**REQUIRED ACTION**
For this listing, the lines between the one holding "A05135 1 иен" and the one holding "ГОСТ Р МЭК 60086-4-2018", inclusive, must be set down exactly.

• • • •

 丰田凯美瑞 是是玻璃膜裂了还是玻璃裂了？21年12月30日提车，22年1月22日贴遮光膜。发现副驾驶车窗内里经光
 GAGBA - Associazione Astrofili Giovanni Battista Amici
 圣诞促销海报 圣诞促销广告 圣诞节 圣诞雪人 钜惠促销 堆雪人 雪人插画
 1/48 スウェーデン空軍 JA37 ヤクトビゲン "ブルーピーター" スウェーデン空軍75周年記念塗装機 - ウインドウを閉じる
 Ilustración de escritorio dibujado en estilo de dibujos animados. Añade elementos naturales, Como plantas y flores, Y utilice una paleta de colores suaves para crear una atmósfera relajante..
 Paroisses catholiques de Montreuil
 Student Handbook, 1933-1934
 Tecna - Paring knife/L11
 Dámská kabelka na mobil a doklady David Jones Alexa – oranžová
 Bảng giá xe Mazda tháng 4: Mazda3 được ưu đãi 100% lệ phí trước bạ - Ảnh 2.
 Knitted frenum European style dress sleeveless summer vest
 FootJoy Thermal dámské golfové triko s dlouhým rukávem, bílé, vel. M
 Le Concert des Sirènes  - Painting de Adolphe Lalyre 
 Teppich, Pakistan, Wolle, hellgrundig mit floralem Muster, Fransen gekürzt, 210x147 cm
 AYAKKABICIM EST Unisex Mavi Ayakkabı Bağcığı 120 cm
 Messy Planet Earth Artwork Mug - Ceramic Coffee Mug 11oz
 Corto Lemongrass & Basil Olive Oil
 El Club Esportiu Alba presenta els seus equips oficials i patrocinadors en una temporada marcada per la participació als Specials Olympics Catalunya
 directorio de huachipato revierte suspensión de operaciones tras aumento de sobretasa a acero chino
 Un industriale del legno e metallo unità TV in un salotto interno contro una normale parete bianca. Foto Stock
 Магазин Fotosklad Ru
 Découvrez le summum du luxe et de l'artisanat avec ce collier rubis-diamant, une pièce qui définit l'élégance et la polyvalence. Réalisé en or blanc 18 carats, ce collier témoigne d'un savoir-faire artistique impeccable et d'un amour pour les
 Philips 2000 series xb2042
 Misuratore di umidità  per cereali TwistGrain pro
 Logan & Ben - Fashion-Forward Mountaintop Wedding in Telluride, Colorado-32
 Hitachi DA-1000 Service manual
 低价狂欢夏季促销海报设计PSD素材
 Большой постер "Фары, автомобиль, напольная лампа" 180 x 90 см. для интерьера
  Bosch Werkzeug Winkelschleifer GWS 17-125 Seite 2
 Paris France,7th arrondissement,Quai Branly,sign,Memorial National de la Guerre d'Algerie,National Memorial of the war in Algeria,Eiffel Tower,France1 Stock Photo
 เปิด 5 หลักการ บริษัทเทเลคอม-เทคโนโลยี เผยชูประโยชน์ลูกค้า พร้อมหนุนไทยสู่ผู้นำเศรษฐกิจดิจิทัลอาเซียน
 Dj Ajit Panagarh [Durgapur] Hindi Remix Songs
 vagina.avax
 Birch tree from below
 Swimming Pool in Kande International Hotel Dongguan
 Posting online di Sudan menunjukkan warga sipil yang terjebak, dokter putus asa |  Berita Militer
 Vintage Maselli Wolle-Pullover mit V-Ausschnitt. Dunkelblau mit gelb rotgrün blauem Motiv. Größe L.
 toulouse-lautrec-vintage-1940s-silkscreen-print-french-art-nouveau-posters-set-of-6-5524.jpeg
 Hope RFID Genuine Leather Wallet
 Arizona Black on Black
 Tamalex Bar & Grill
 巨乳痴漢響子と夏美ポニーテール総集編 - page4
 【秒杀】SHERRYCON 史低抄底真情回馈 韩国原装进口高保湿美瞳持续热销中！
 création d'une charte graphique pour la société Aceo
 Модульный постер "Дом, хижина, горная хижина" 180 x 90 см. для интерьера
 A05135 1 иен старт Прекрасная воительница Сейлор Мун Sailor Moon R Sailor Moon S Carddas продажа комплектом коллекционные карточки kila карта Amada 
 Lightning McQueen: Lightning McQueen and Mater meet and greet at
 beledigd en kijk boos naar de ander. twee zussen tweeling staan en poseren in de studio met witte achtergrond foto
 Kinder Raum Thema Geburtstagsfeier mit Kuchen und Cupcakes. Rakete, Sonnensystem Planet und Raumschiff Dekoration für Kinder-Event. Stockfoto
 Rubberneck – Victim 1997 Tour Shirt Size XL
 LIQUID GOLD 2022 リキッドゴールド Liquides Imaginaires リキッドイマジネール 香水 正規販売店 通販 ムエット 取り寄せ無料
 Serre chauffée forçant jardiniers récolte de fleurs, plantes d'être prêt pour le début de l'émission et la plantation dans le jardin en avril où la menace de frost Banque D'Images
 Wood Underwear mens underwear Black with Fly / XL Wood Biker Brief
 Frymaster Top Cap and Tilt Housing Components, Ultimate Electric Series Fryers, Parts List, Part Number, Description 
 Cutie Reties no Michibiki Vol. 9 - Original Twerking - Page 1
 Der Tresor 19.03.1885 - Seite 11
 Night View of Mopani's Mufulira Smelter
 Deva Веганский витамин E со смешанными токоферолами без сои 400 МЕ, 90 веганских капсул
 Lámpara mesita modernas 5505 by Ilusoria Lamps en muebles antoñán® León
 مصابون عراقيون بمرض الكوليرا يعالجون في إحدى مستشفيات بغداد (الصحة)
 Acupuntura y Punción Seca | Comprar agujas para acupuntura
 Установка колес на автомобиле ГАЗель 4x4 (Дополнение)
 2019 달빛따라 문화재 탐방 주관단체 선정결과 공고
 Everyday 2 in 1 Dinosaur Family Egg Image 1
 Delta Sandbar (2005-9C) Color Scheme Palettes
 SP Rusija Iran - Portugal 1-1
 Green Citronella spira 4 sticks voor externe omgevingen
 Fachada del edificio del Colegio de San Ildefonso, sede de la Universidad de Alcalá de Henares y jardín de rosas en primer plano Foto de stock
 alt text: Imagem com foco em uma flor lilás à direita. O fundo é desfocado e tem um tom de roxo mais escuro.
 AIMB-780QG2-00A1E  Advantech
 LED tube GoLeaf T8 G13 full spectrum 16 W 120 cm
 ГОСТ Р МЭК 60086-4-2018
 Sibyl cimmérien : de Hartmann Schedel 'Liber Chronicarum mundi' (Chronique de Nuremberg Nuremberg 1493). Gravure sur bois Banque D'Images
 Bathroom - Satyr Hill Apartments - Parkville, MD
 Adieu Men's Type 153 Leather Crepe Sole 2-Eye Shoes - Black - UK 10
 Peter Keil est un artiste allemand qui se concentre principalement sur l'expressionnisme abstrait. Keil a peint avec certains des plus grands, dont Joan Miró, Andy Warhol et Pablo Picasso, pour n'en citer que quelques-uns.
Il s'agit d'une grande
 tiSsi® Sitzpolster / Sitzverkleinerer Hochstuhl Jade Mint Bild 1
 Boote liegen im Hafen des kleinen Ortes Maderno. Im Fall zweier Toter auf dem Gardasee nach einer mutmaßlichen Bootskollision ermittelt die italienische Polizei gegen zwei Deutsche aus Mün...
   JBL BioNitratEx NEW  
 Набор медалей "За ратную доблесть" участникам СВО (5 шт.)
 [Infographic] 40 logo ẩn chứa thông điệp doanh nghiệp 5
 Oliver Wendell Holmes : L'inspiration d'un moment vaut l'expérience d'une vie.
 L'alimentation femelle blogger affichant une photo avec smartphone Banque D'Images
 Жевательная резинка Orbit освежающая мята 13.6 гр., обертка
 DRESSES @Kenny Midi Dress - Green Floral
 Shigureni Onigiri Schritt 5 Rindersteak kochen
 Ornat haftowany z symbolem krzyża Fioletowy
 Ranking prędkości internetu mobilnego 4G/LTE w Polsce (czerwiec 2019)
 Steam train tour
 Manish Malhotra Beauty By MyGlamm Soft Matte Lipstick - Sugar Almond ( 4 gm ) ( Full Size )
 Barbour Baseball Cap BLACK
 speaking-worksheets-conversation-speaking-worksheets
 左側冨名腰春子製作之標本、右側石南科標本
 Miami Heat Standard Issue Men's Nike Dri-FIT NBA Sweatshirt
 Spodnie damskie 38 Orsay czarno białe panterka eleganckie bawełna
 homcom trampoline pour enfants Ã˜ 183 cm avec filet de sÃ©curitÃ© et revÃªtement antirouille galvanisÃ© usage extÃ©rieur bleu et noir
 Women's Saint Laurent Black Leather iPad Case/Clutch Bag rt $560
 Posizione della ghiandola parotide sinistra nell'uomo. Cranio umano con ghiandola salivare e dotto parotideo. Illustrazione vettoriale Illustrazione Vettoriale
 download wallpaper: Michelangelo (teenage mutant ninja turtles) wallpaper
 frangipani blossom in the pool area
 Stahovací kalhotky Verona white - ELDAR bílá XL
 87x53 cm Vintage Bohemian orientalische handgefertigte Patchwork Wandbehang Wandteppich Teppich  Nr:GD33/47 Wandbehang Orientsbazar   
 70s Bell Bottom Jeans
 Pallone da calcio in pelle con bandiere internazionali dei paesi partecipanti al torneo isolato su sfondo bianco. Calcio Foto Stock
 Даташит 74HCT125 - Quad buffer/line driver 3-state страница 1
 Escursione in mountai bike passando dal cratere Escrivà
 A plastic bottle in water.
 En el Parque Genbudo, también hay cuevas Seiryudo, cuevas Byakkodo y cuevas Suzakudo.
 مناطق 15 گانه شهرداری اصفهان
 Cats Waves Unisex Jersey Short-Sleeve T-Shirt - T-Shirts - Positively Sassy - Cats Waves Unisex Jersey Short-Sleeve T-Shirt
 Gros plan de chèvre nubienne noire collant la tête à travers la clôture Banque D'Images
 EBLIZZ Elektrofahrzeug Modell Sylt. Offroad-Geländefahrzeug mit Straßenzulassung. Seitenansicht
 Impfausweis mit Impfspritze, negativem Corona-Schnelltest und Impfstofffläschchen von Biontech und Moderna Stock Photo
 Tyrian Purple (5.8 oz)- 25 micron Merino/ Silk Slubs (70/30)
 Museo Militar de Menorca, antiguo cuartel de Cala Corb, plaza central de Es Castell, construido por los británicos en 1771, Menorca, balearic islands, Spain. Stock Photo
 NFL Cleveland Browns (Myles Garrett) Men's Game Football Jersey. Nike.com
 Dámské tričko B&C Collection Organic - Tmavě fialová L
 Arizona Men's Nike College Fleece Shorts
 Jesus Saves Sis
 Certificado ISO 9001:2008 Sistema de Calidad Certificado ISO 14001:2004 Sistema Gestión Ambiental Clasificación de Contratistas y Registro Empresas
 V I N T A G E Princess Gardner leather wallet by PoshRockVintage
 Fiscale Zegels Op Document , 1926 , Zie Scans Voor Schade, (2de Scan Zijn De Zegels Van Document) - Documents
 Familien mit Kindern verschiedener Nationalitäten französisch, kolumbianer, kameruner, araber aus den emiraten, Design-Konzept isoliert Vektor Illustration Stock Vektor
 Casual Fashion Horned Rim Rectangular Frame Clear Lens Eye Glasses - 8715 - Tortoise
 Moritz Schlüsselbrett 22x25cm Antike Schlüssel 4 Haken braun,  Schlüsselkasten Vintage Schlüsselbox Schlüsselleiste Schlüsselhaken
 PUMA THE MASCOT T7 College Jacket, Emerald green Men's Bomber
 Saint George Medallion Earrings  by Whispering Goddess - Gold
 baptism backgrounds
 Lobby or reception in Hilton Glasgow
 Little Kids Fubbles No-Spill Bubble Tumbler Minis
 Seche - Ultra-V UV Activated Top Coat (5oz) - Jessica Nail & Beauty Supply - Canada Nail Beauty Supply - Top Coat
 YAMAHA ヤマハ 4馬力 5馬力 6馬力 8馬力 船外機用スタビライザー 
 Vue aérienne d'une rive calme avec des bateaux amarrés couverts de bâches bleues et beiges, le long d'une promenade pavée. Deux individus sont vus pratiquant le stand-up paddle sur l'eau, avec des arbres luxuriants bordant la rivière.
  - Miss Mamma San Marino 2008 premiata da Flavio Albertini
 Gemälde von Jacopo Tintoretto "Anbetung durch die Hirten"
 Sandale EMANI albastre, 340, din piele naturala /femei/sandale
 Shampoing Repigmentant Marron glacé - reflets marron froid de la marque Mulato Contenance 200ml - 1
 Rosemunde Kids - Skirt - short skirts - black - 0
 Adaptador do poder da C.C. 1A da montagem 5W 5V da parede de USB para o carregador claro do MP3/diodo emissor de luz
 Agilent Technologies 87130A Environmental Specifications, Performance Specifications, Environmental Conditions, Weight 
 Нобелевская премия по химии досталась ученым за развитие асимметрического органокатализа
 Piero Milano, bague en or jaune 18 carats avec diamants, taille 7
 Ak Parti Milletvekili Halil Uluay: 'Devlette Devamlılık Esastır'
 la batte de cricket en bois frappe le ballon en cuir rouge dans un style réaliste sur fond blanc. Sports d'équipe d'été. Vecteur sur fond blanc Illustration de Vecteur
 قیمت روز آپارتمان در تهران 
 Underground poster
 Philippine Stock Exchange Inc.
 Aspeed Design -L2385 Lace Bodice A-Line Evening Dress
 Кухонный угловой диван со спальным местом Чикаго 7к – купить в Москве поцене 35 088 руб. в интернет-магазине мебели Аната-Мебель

• • • •

**RESULT FOR THIS EXERCISE**
 A05135 1 иен старт Прекрасная воительница Сейлор Мун Sailor Moon R Sailor Moon S Carddas продажа комплектом коллекционные карточки kila карта Amada 
 Lightning McQueen: Lightning McQueen and Mater meet and greet at
 beledigd en kijk boos naar de ander. twee zussen tweeling staan en poseren in de studio met witte achtergrond foto
 Kinder Raum Thema Geburtstagsfeier mit Kuchen und Cupcakes. Rakete, Sonnensystem Planet und Raumschiff Dekoration für Kinder-Event. Stockfoto
 Rubberneck – Victim 1997 Tour Shirt Size XL
 LIQUID GOLD 2022 リキッドゴールド Liquides Imaginaires リキッドイマジネール 香水 正規販売店 通販 ムエット 取り寄せ無料
 Serre chauffée forçant jardiniers récolte de fleurs, plantes d'être prêt pour le début de l'émission et la plantation dans le jardin en avril où la menace de frost Banque D'Images
 Wood Underwear mens underwear Black with Fly / XL Wood Biker Brief
 Frymaster Top Cap and Tilt Housing Components, Ultimate Electric Series Fryers, Parts List, Part Number, Description 
 Cutie Reties no Michibiki Vol. 9 - Original Twerking - Page 1
 Der Tresor 19.03.1885 - Seite 11
 Night View of Mopani's Mufulira Smelter
 Deva Веганский витамин E со смешанными токоферолами без сои 400 МЕ, 90 веганских капсул
 Lámpara mesita modernas 5505 by Ilusoria Lamps en muebles antoñán® León
 مصابون عراقيون بمرض الكوليرا يعالجون في إحدى مستشفيات بغداد (الصحة)
 Acupuntura y Punción Seca | Comprar agujas para acupuntura
 Установка колес на автомобиле ГАЗель 4x4 (Дополнение)
 2019 달빛따라 문화재 탐방 주관단체 선정결과 공고
 Everyday 2 in 1 Dinosaur Family Egg Image 1
 Delta Sandbar (2005-9C) Color Scheme Palettes
 SP Rusija Iran - Portugal 1-1
 Green Citronella spira 4 sticks voor externe omgevingen
 Fachada del edificio del Colegio de San Ildefonso, sede de la Universidad de Alcalá de Henares y jardín de rosas en primer plano Foto de stock
 alt text: Imagem com foco em uma flor lilás à direita. O fundo é desfocado e tem um tom de roxo mais escuro.
 AIMB-780QG2-00A1E  Advantech
 LED tube GoLeaf T8 G13 full spectrum 16 W 120 cm
 ГОСТ Р МЭК 60086-4-2018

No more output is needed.